Friday, June 17, 2016

            This trip, steeped and stinking already with the desire to escape and renew, takes me by surprise. It is being Presented to me, using the word presented most literally, as in handed to me like a gift. An opportunity yearned for so often by others, unabashedly: a clean slate. Even an encouraging nod towards leaving behind the me that existed before going on this trip. And it screams an assumption that before, say, the relentless humdrum of Andover took over my life, I was less lost; there is some sort of stained, morphed, self that was more admirable in its purest state. This shakes me, I was unaware of how sure I am that No not now, but at some point I was truly good. These are the moments when the word ‘faith’ gains shape and hue in my mind.

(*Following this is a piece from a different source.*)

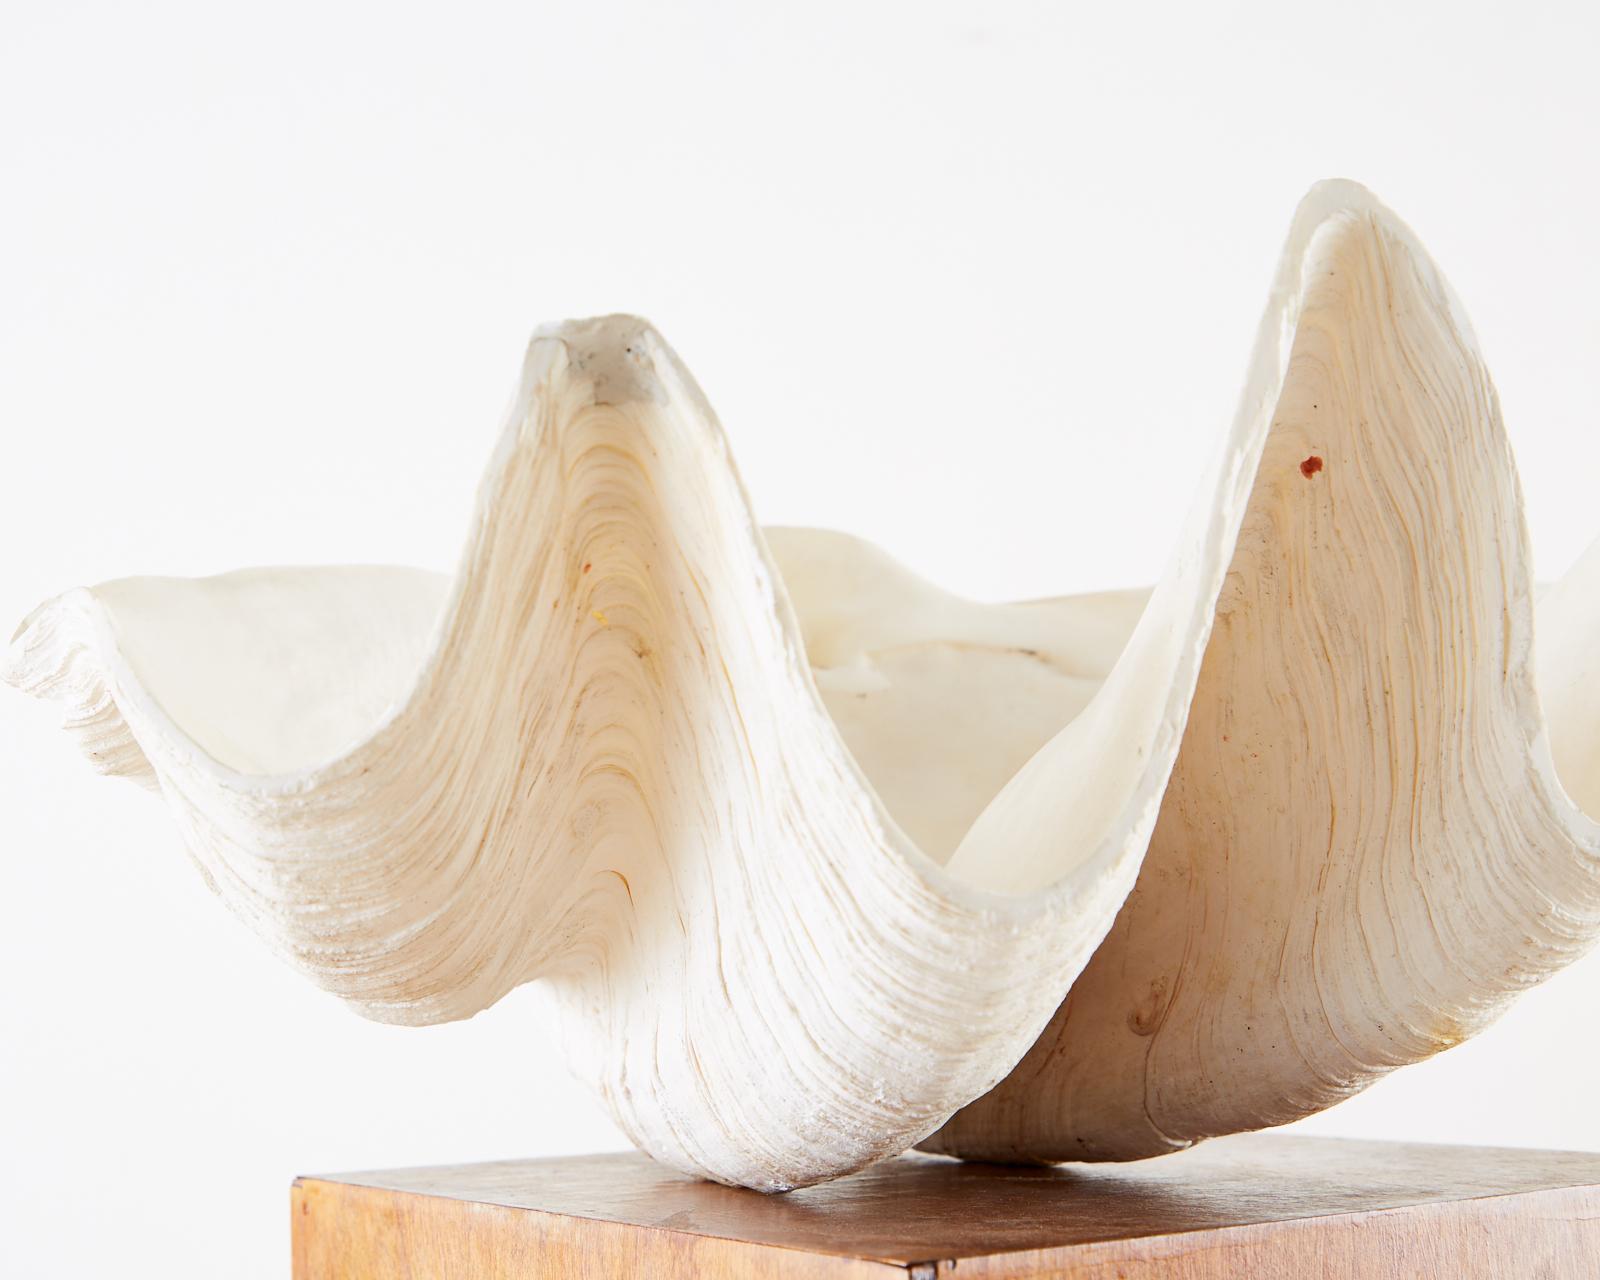 South Pacific Natural Giant Clam Shell Specimen 3

It strikes me as comical, to find aspects about this trip so comforting already. Daniel is writing with Lucida Handwriting, after I bulwarked him from his third Disney movie. Shyan showed up with a fanny pack, and it’s pleasing that I don’t know him yet so I’m not sure if it’s worn ironically or not. There are lights, I wonder if anyone else lingered on them, on the ceiling of the aisles on the plane, dots of stars when the cabin goes dark. I’m going to India, stopping at Dubai, where Julia will meet us from her first time with her mother in Korea, something groundbreaking and momentous for her that I already feel I have missed by not having been there with her. Which leaves me to my worries. Silly, to start the trip with worries but here it is: How can I make this journey inclusive when I return. I loathe the idea of the line running through my mind, you had to be there.

This trip is not about school, but the first two weeks of summer were. And it incapacitates me to doubt my own intentions: Maybe my true worry is about being unable to impart wisdom into an essay for an application to a university. I feel a fear that will not rise rapidly and panic my body but rather flood and sweep away homes for hopes dismissed, not forgotten. These homes are not seated deep in my heart but are already shy and small and wedged in the crooks of my elbows and in between my toes. I can’t help but wonder if my mind is so stuck in this inscrutable negativity, stuck in myself, that I have to choreograph optimism into my journals intentionally, so as not to depress faculty who chose to bring me, bless their souls.

Truth is one of those words that makes me shift in my seat and feel my sock rubbing against my right big toe where I cut my nail just a little bit too far back this morning. I hope I can leave behind this feeling.